The session was led by artist Alice Betts in a room housing Ernesto Neto’s It happens when the body is anatomy of time at the From Death to Death and Other Small Tales exhibition in the Scottish National Gallery of Modern Art. The installation consists of tubes or pillars made using Lycra Tulle (a stretchy fabric), with clove, cumin and turmeric at their bases. This link I used earlier shows what it looks like.

To start we scattered among the scented columns of Ernesto Neto’s art work, and took up pencil and charcoal to draw 2 or 3 images of the scenery. Once we had finished a few quick drawings we relinquished ownership of them to the group, and instructed to work on the items however we wished to see what we could produce. We had scissors, tape, charcoal, and pencils at our disposal, but we could do whatever we wished. In keeping with the spice scented exhibit, there was also a jar of turmeric we could try using.

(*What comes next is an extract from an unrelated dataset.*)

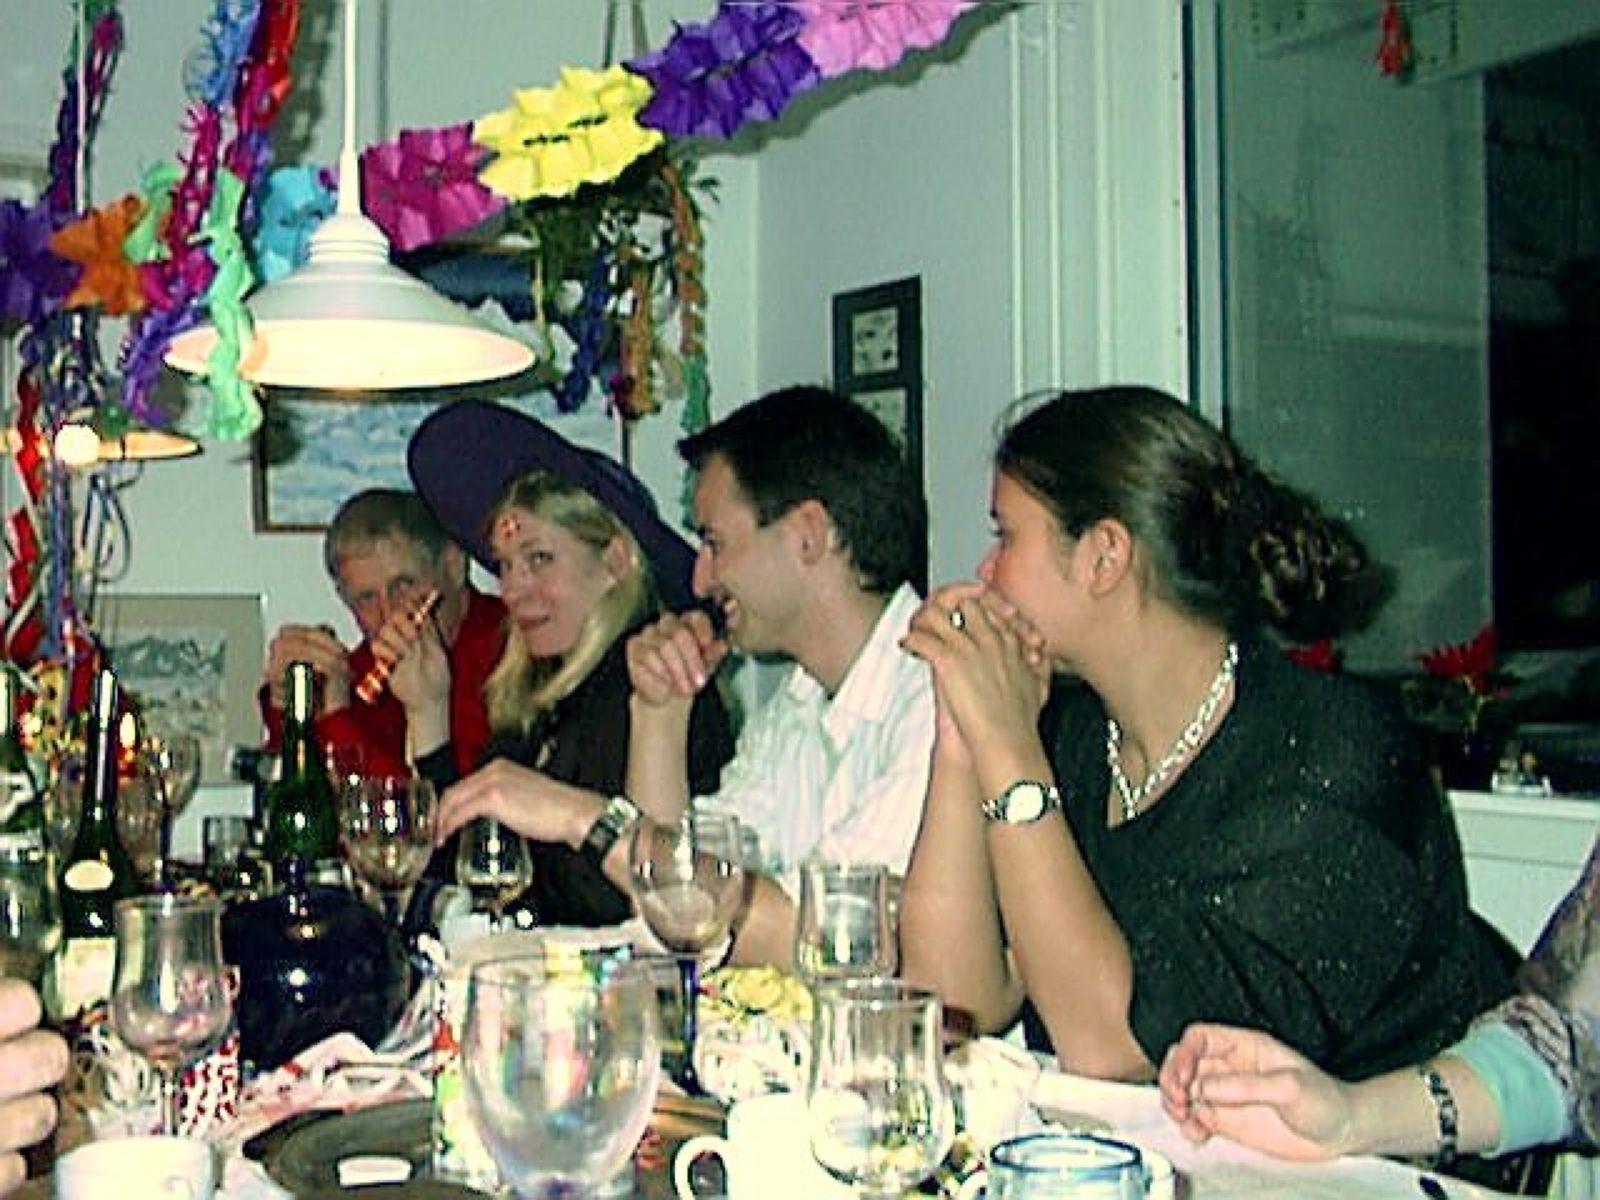 1997-12-30-2055_-_Bodil Marie Damgård;

For my part, I knew that I’d have more fun with an interesting starting piece to work with so I grabbed the drawing that forms the top half of the above image before anyone else spotted the lovely detailing in it. I thought it reminiscent of columns in many theatres, with their elaborate decorations.

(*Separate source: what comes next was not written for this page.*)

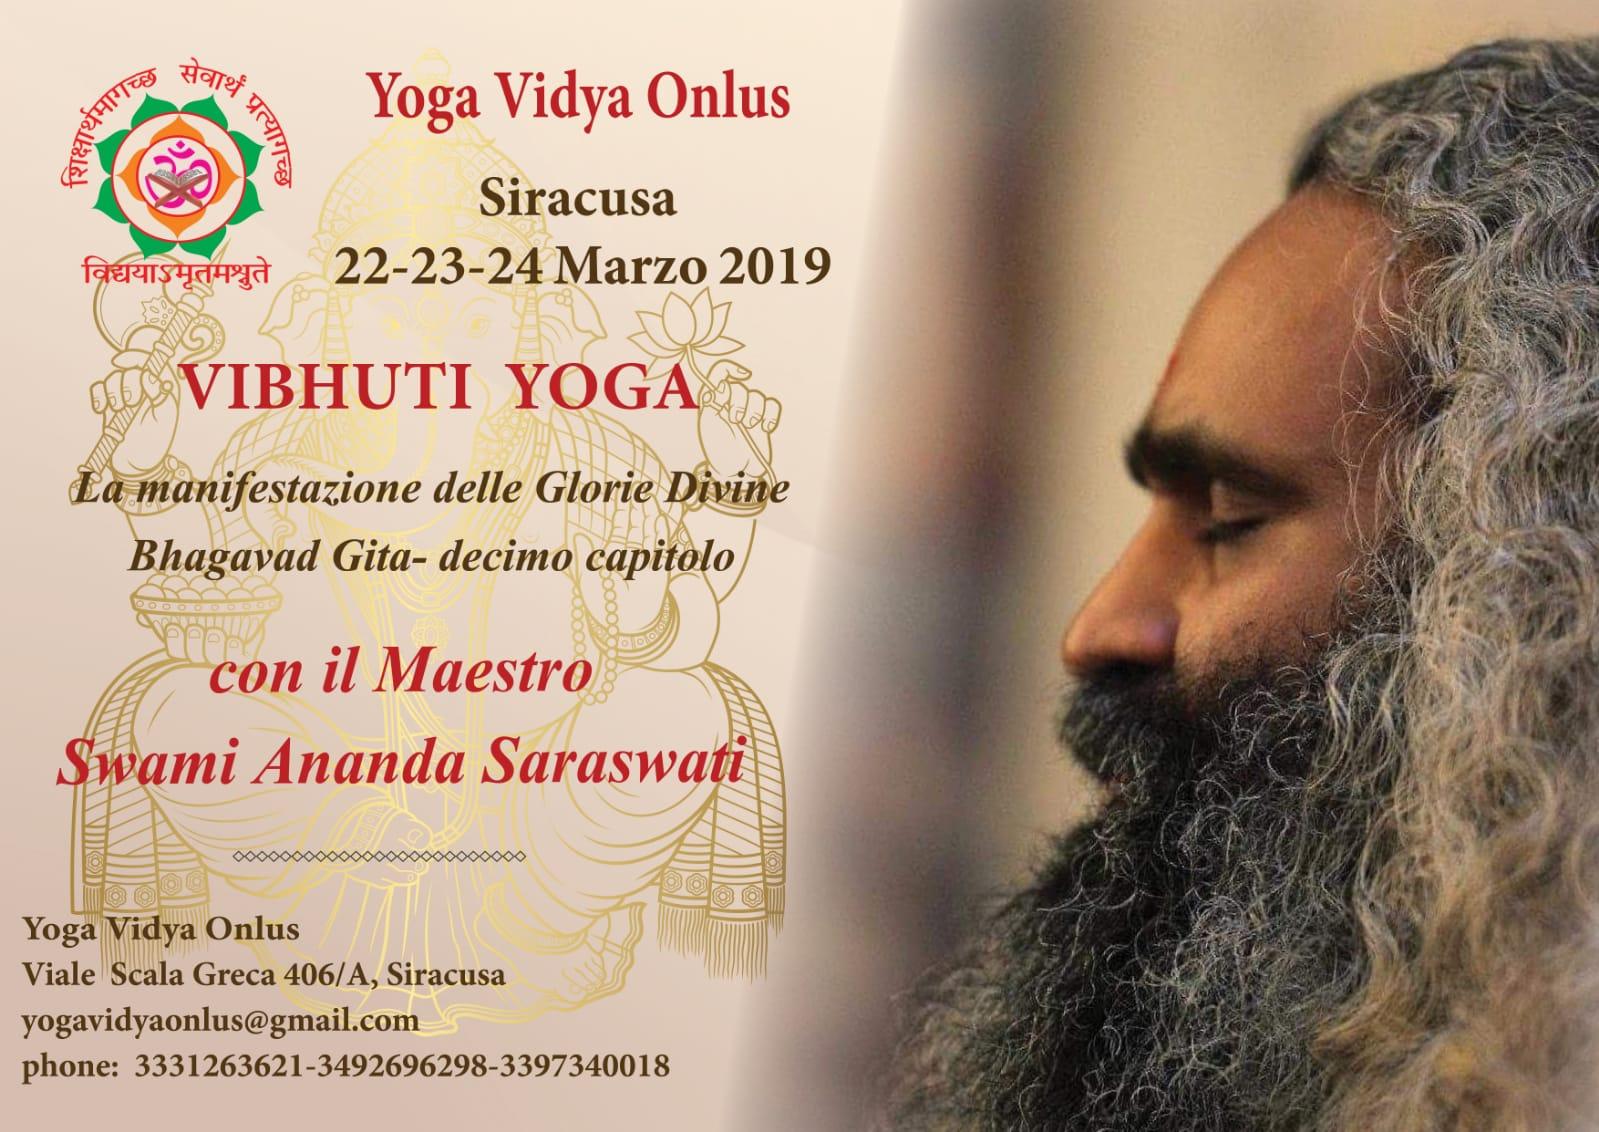 La manifestazione delle glorie divine Bhagavad gita-siracusa

Looking around the other pieces available for inspiration, I noticed another drawing that had columns of similar widths and spacing, and I decided to try and make them work together as a united image. Fortunately, with the top piece placed upside-down, they fitted together remarkably well — almost as if by design.

I then set about cementing their amalgamation by adding coloured stripes of turmeric. I found that the turmeric didn’t stick by itself, but by pushing it into the charcoal to form charcoal-turmeric powder worked. To add a bit of variety, I then made some cuts to both halves.

I’m normally quite protective of “my bit of work”, so it was very interesting to take other people’s work and do something with them. I like how the end result looks.